And here is a tanka from one of the first tanka collections in English, 'Wind Five Folded', edited by Jane Reichhold:

Walking east, I watch
The moon rise, huge, smokey orange,
Almost full, alone.
Walking home, I'm almost used
To you being gone again.

John Gribble, page 65


And another one from 'Wind Five Folded':

Ginkgos are boring
Until autumn golding and
Persimmons taste tart --
The vague words of your language
Often mean less than they seem

Mimi Walter Hinman, page 77


Slowly a cache of syllabic tanka is being written.  My feeling is that the less a poet has taken on the narrow esthetics of official haiku, the more accessible tanka becomes to a poet.  I see tanka as more closely related to the Psalms and to hymnody than to free verse haiku.  There is the same quiet contemplation, the same sense of steady rhythm meant for chanting or singing. 

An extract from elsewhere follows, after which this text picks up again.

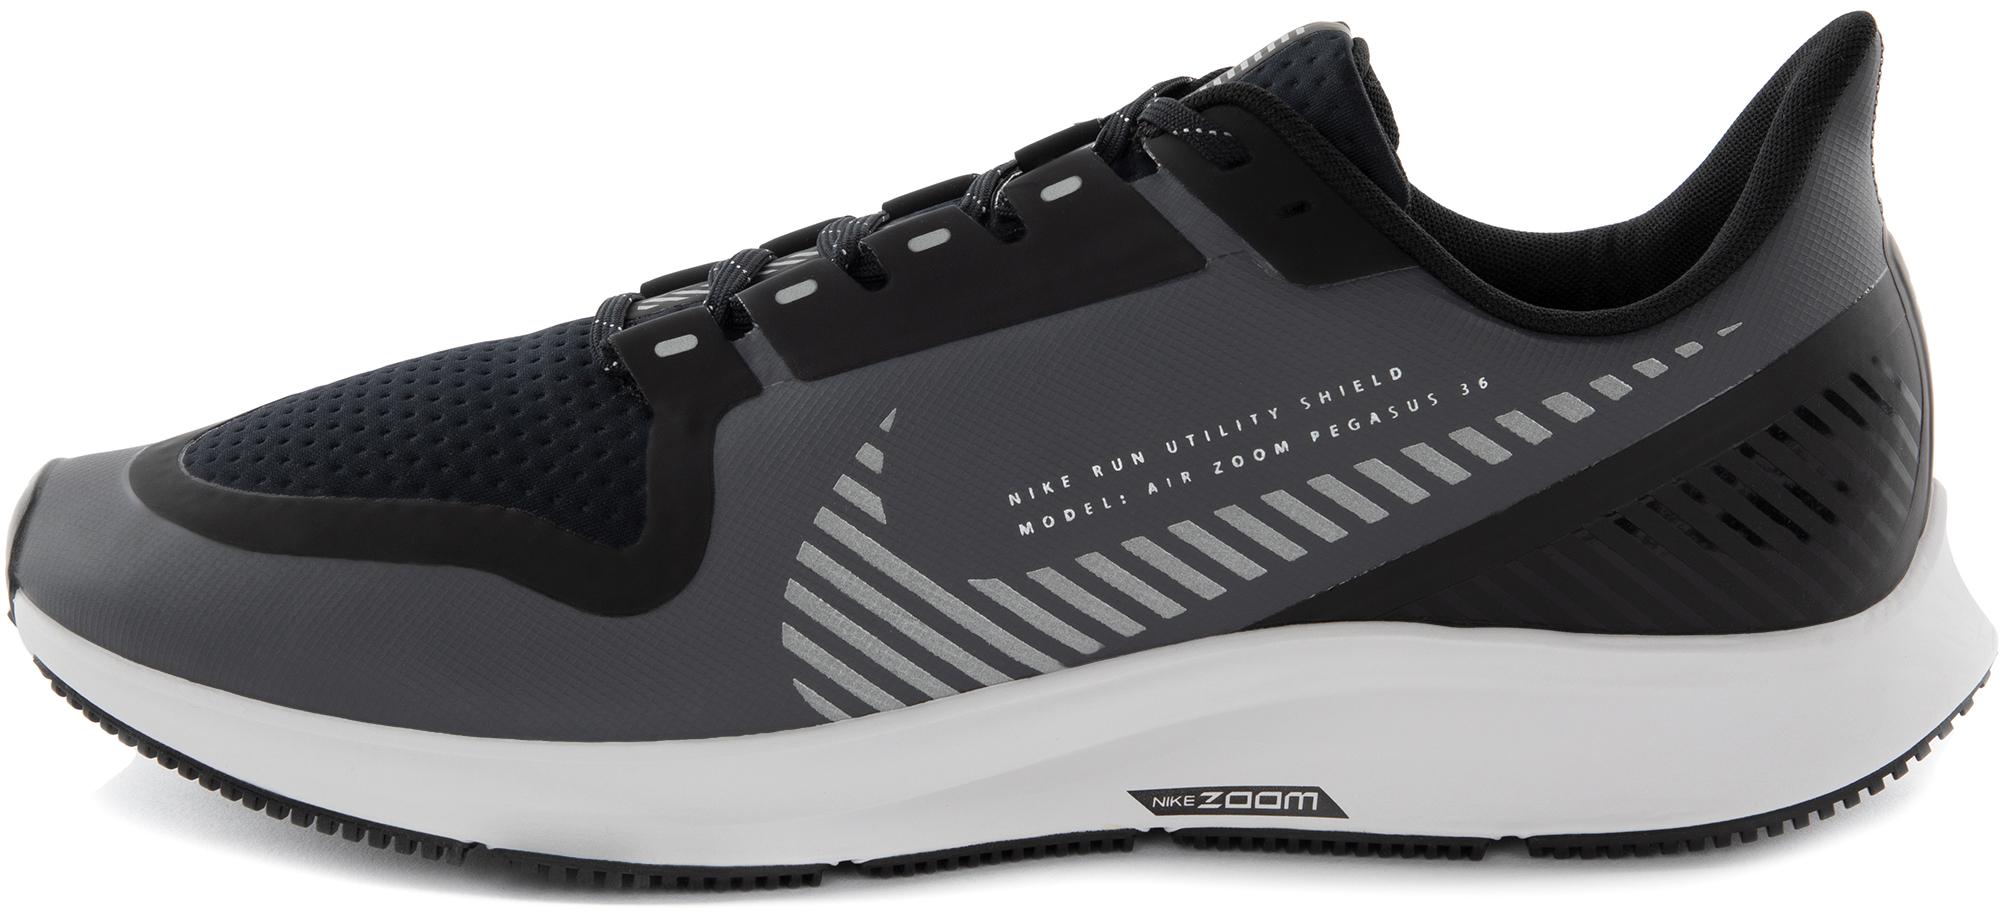 Nike Кроссовки мужские Nike Zoom Pegasus 36 Shield, размер 45 цена

But to find these tanka you have to look beyond official tanka organizations and magazines because most of them (all?) were started by people committed to free verse and completely allergic to syllabics.  They seem also to have absorbed the nihinjinron based mythos of the specialness of the Japanese language.  But, again, that's OK.  They get to do that.  And we get to connect with the Japanese tradition by counting on our fingers: 5-7-5-7-7.

3 comments:

Jo Balistreri said...

I just found out about your site from Marianne Szyzk--that doesn't look right, ( forgive me Marianne) and I really enjoyed what you had to say and your examples.

Thanks so much.

Norma Margaret said...

Just found your site after reading GHAZAL OF YOURS IN CONTEMPORARY GHAZALS #6
I found your discussion of the ecology of haiku in various anthologies most revealing. I also appreciate the cultural respect that you display instead of assimilation.

Jim714 said...

Greetings Jo and Norma:

Apologies for taking so long to respond. But thanks for your kind words. It's gratifying to get this kind of feedback.